COLLECTED MATERIAL:

[Start of section]

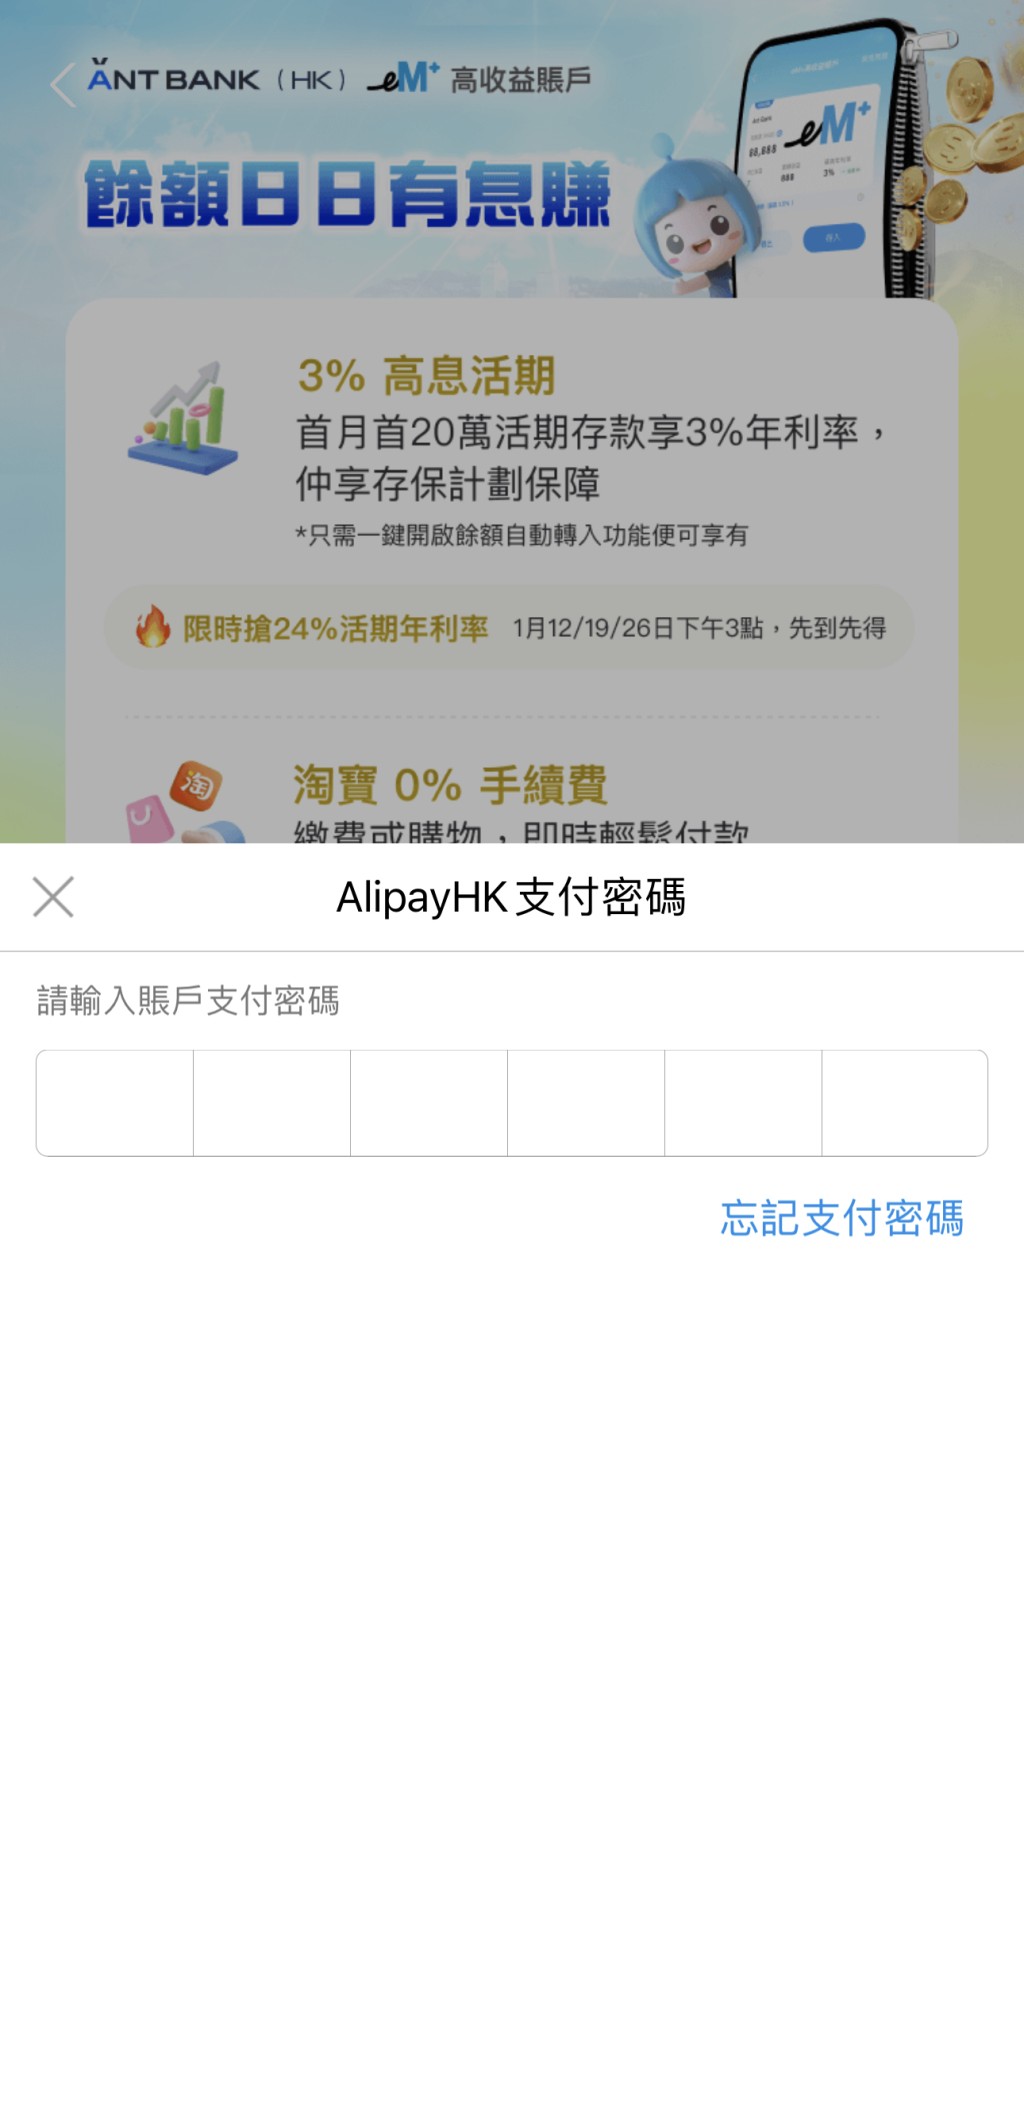 3. 输入AlipayHK支付密码确认同意和授权。
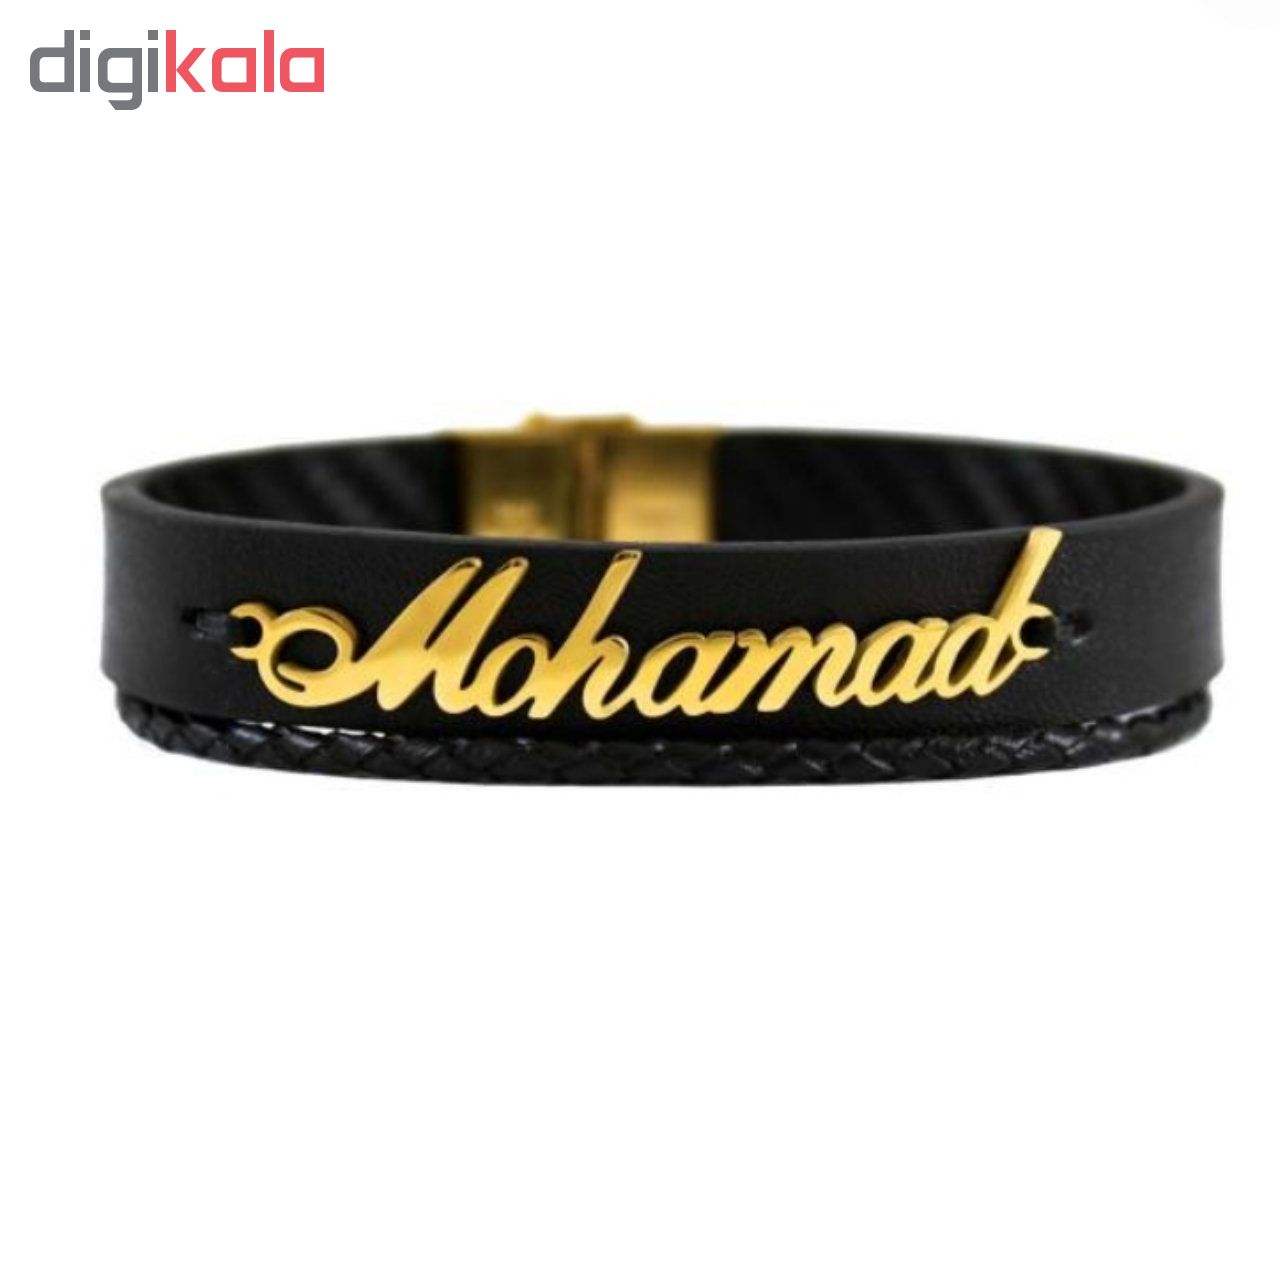 لیست قیمت 30 مدل دستبند نقره مردانه شیک و زیبا + لینک خرید
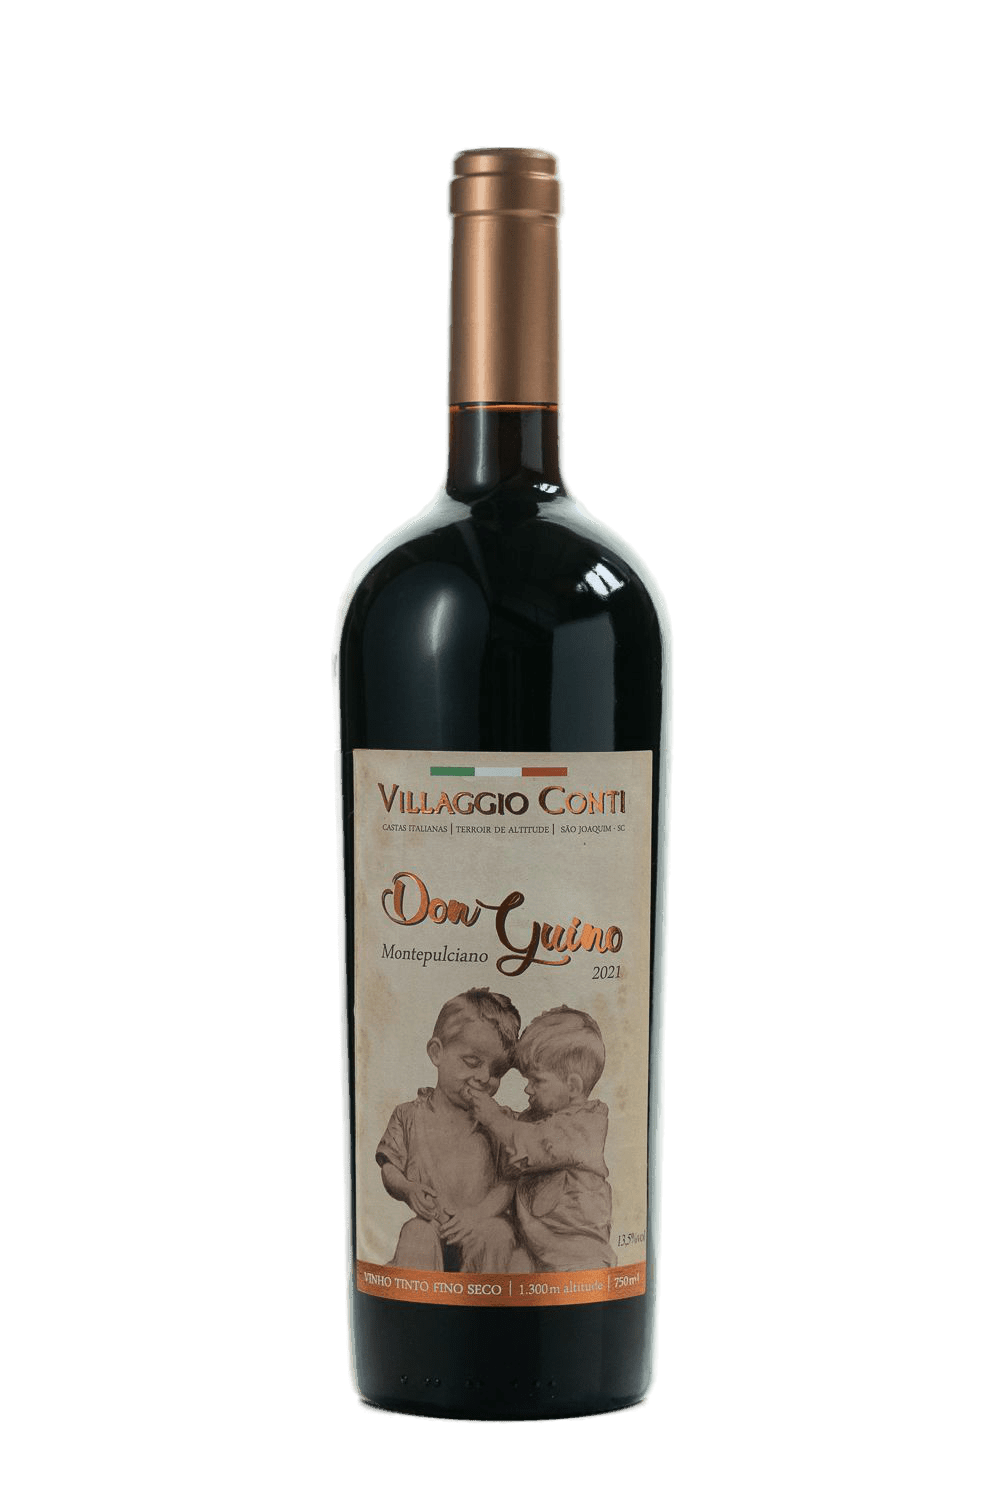 Villaggio Conti - Don Guino - The Blend Wines

[End of section]

TASK STATEMENT:
Reprint the whole listing above exactly, taking out the pictures.

ANSWER BOX:
 3. 输入AlipayHK支付密码确认同意和授权。
 لیست قیمت 30 مدل دستبند نقره مردانه شیک و زیبا + لینک خرید
 Villaggio Conti - Don Guino - The Blend Wines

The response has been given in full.